◆ **STORED DATA**

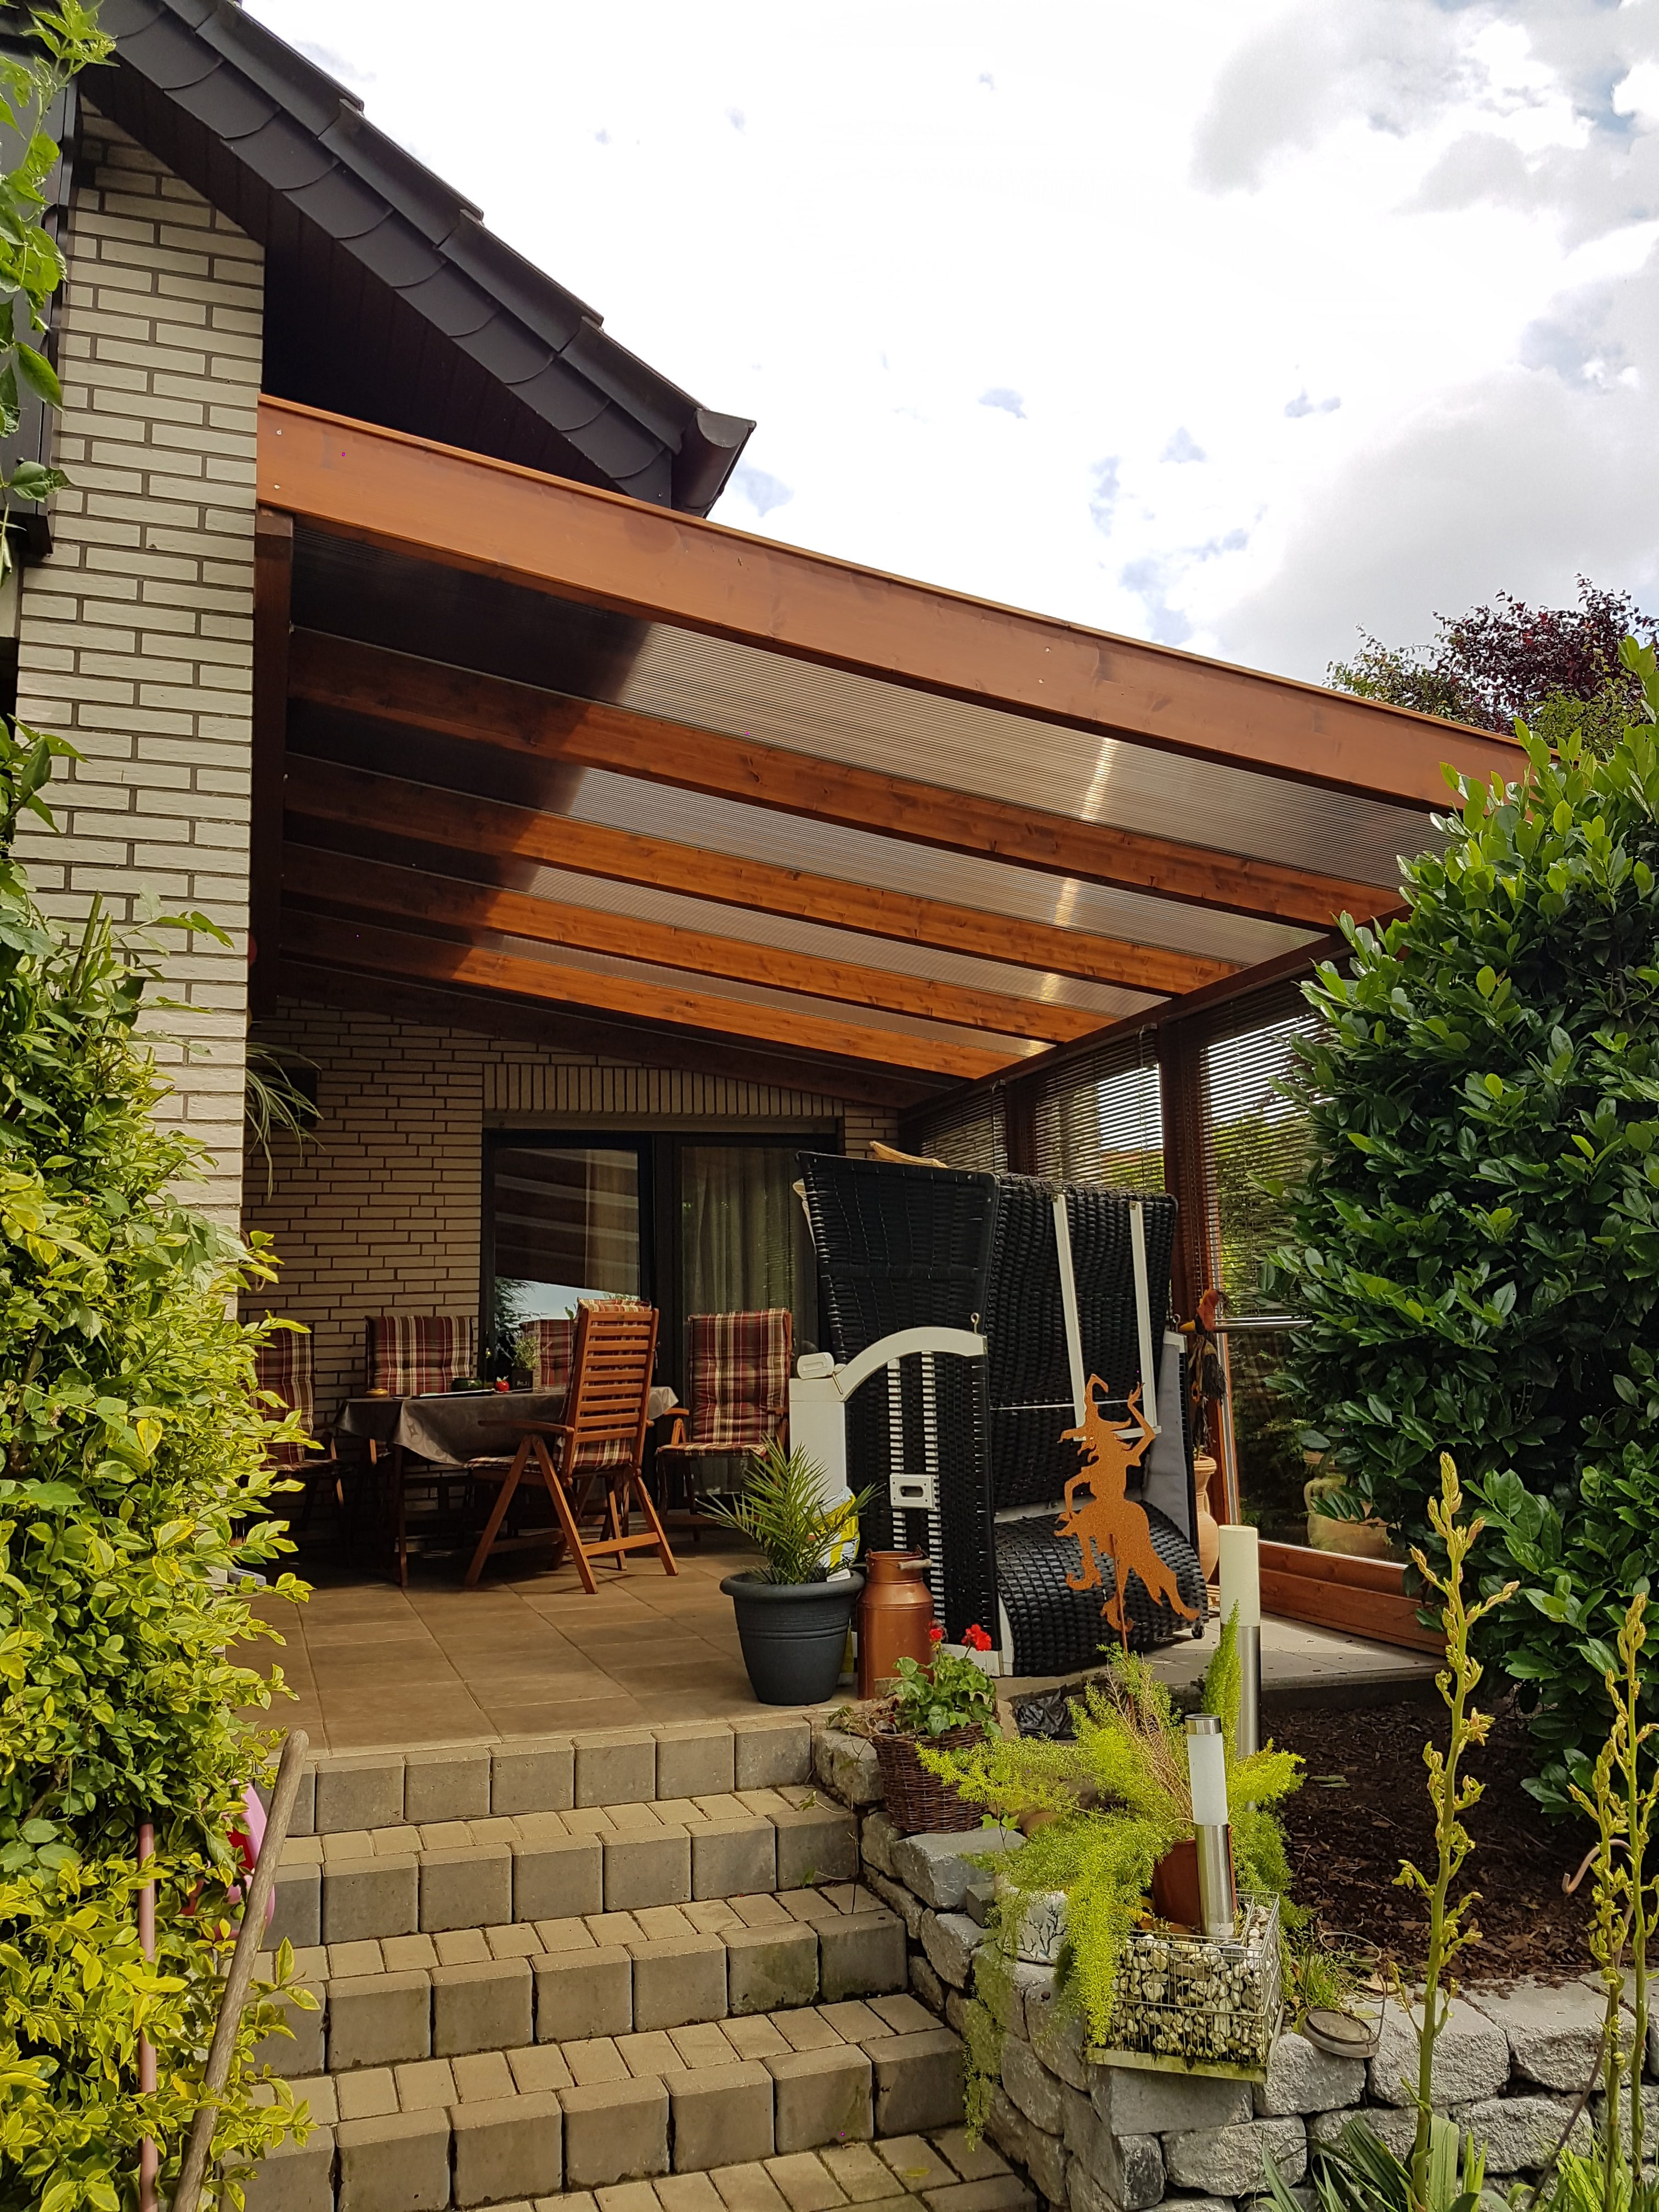 Terrassenüberdachung, Holz, braun, Verbundglas
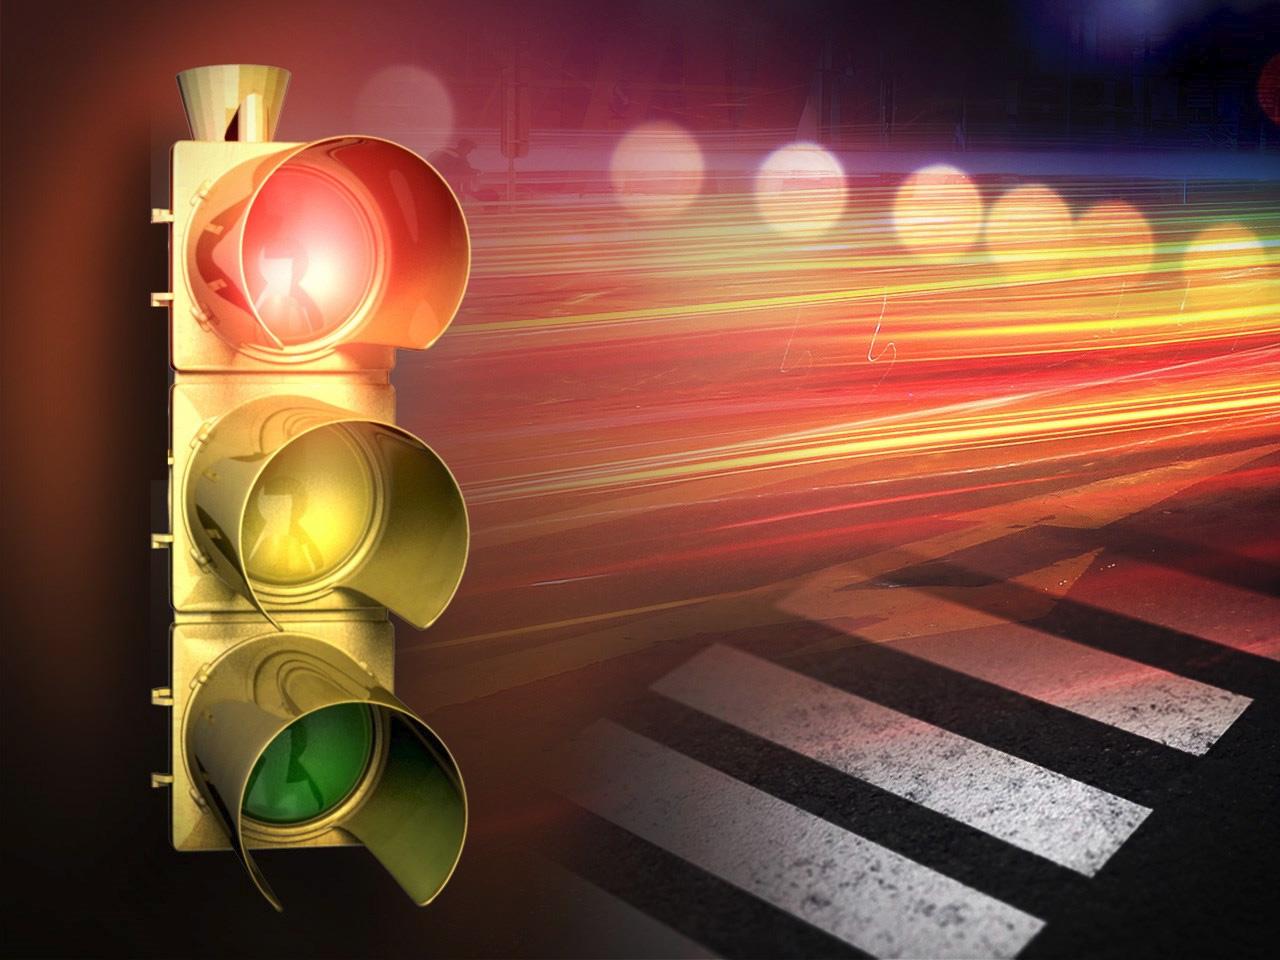 traffic crosswalk_1546046673229.jpg.jpg
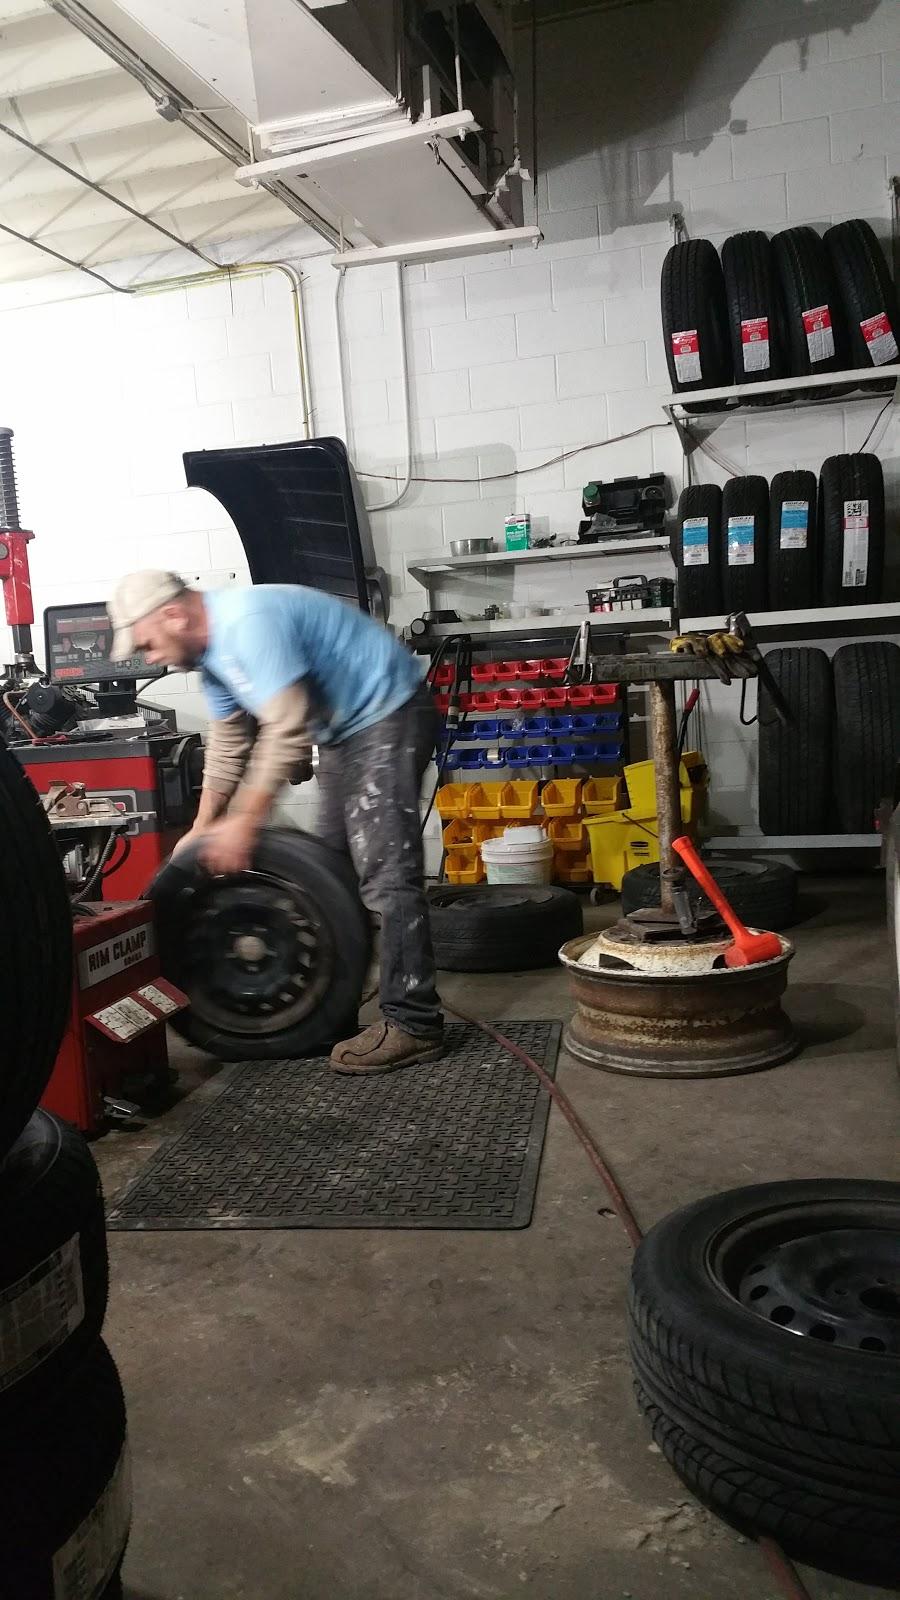 e-z tire shop - car repair  | Photo 1 of 1 | Address: 603 W Broadway St, Eden, TX 76837, USA | Phone: (325) 456-2806
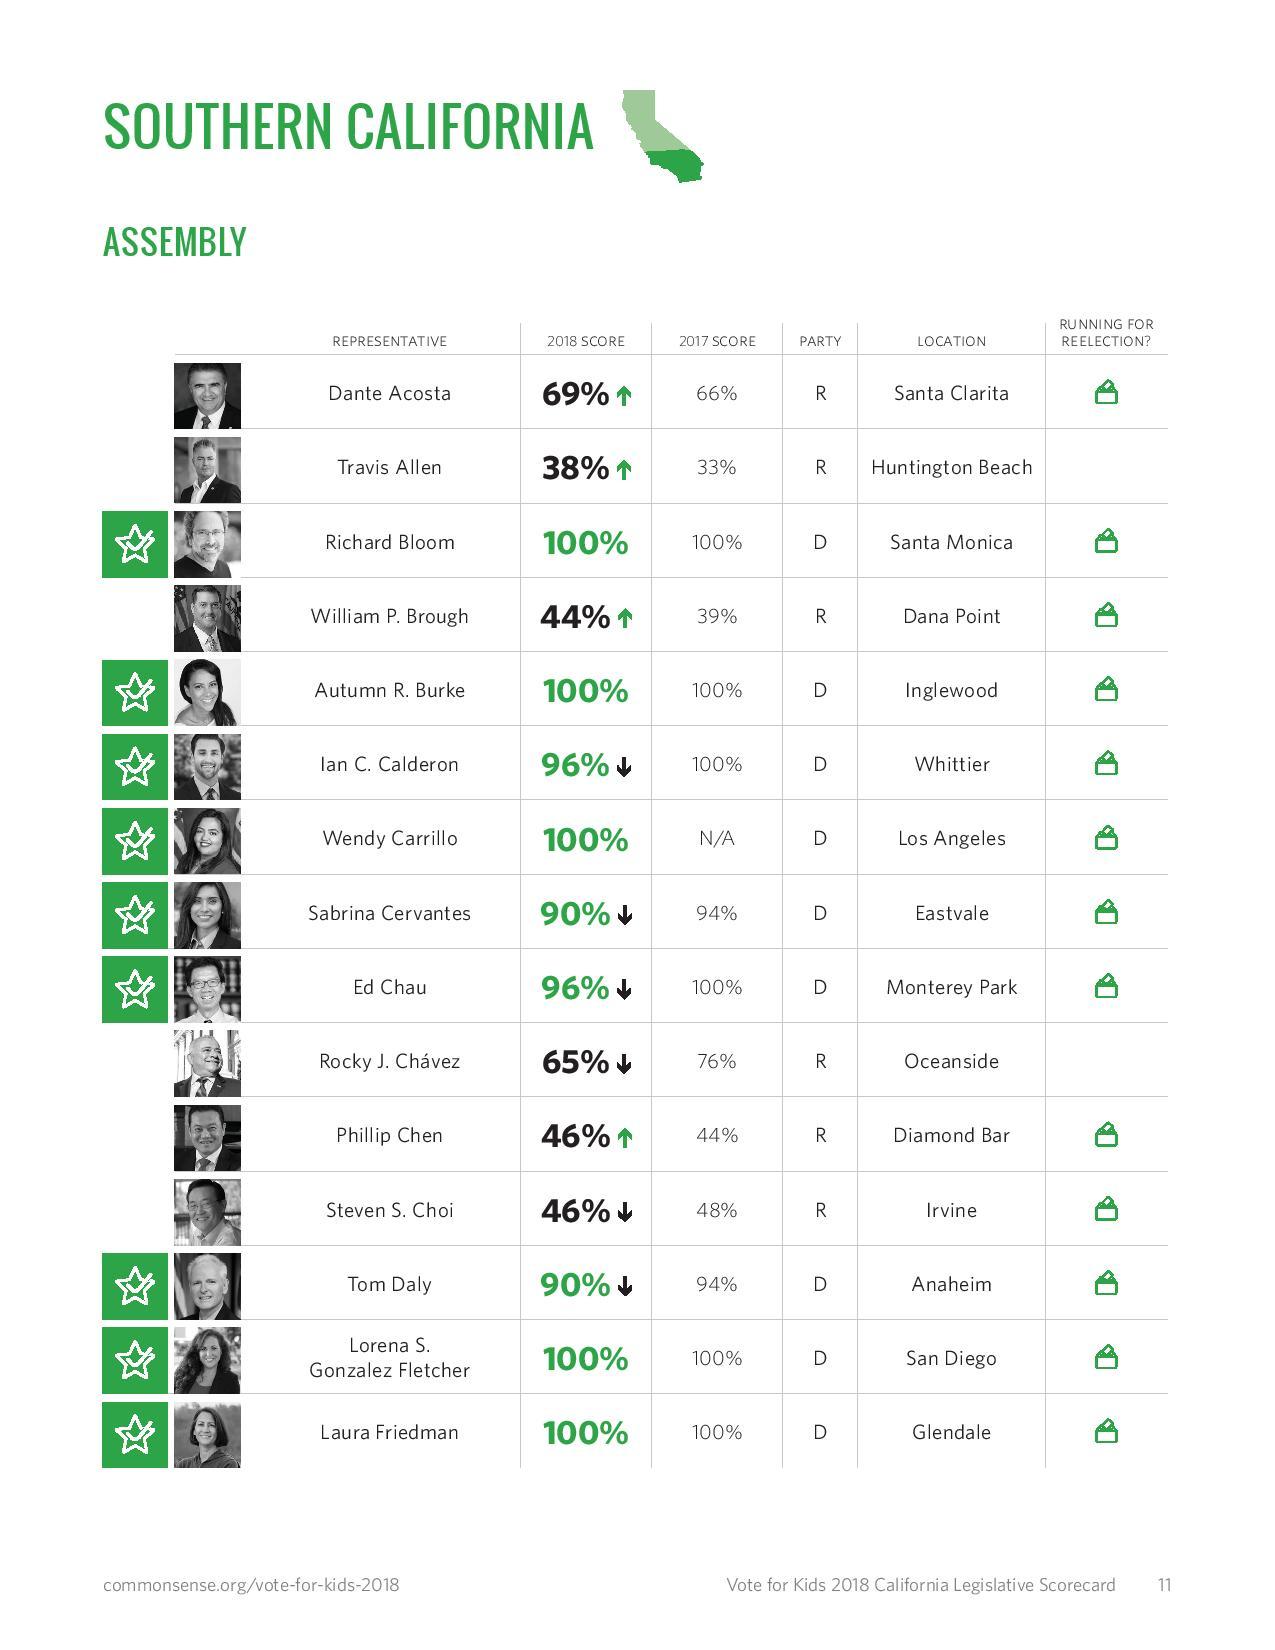 Vote For Kids 2018 - 100% - 2018 Election Scorecard (Based on 2017 voting record)

◆ **ASSIGNMENT**
Would you give again exactly the lines from the line containing "e-z tire shop" through the end of the listing, both ends included, without any pictures?

◆ **FINISHED EXERCISE**
 e-z tire shop - car repair  | Photo 1 of 1 | Address: 603 W Broadway St, Eden, TX 76837, USA | Phone: (325) 456-2806
 Vote For Kids 2018 - 100% - 2018 Election Scorecard (Based on 2017 voting record)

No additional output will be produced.